This Topic Modeling script is an example using matrix factorization for detecting topics within a dataset of newspaper documents where we searched for the terms COVID OR Coronavirus. This one is written in python as you can see in the upper right corner. You can write your scripts in either R or python within Jupyter notebook
Topic Modeling is just one example of text mining but it provides us with methods to organize, understand and summarize large collections of textual information.
It helps in:
Topic modelling can be described as a method for finding a group of words (i.e topic) from a collection of documents that best represents the information in the collection.

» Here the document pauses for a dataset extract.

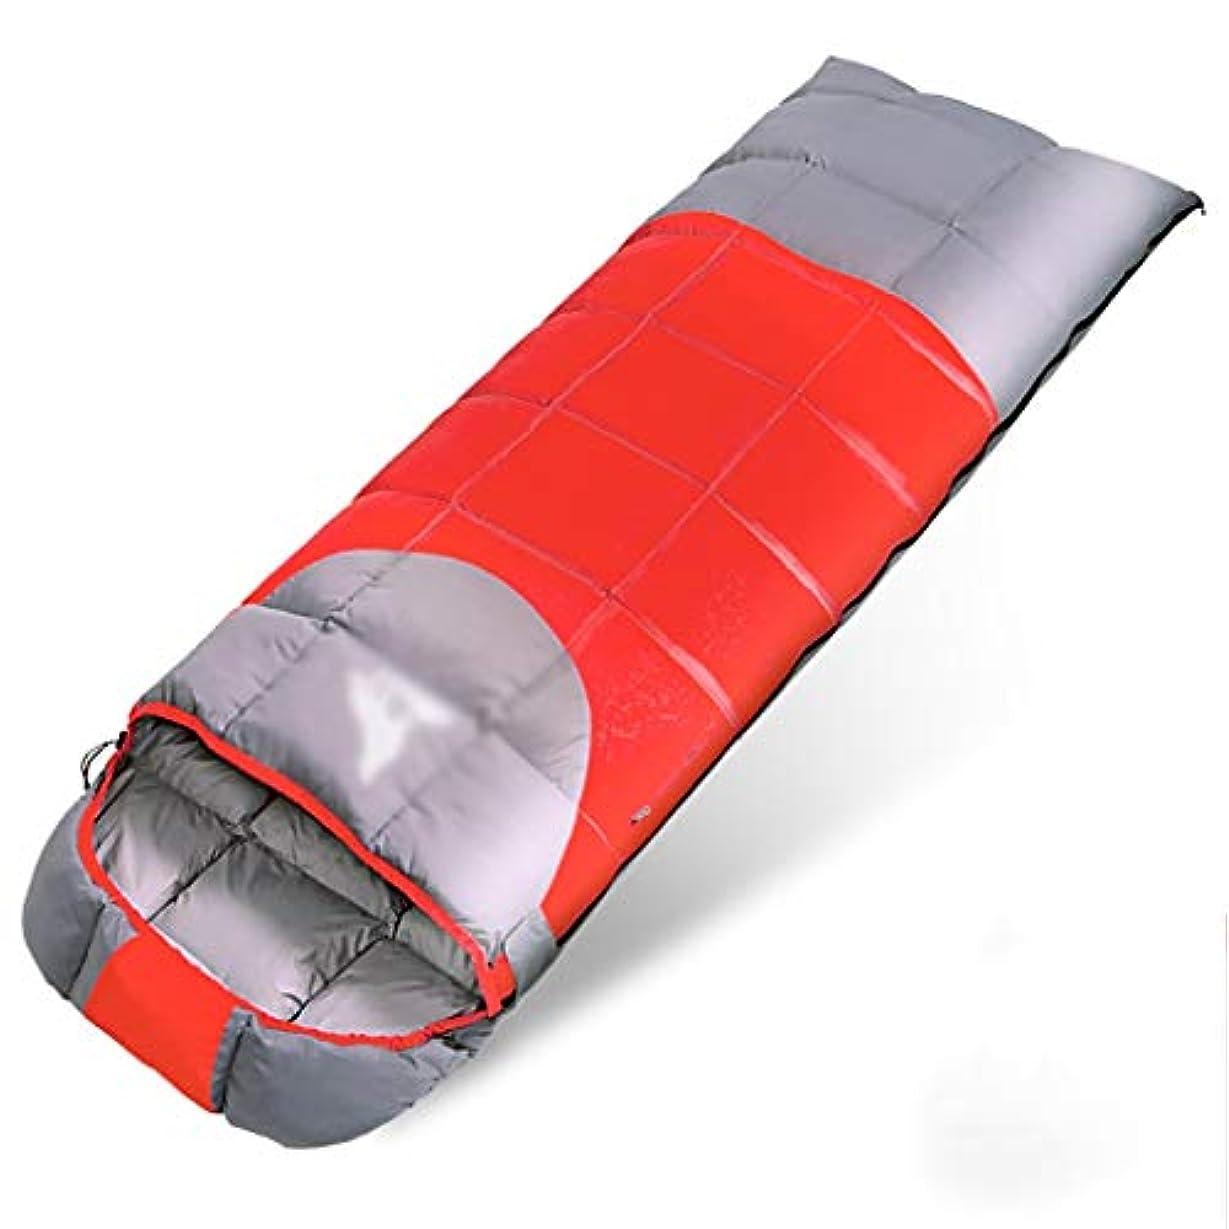 高さ配送名目上の屋外用寝袋 冬シーズン軽量キャンプ封筒寝袋キャンプ、ハイキング、(2.5KG) (色 : A)

This topic modeling example produces a series of visualizations and scores the reoccurrence of the listed topics within documents across time. The red line was also plotted on the topic model to represent the number of new COVID cases in the UK over the same time period.
In this example, You can see the topics of – virus, cases, health Italy, spread, outbreak. From this graph, we could possibly interpret that it was likely the virus peaked in Italy several weeks before the UK by comparing the peaks of the blue and red graphs. The blue graph is representing the presence of these topics in the news and the Italy cases were being heavily discussed in the news.
Of course this is just the beginning of research but gives the researcher an idea of connected topics for further investigation.
If we scroll down further, you can also see the topics of economy, debt, crisis and gdp being heavily reported. This directly precedes the peak of cases in the UK (at least at the point of developing this model) but the financial reporting and impacts was being reported and experiencing significant impacts as COVID made its way across the globe.
These are simple topics that can again give the researcher a good idea or connection of data to make an interesting research topic or dig further into the analysis.
Now from this point, you can export the tables and data behind these graphs, the visualizations themselves, the script and any derivative data. The only thing that cannot be exported is the full text or any consumptive information that would allow the researcher to reconstruct the full text.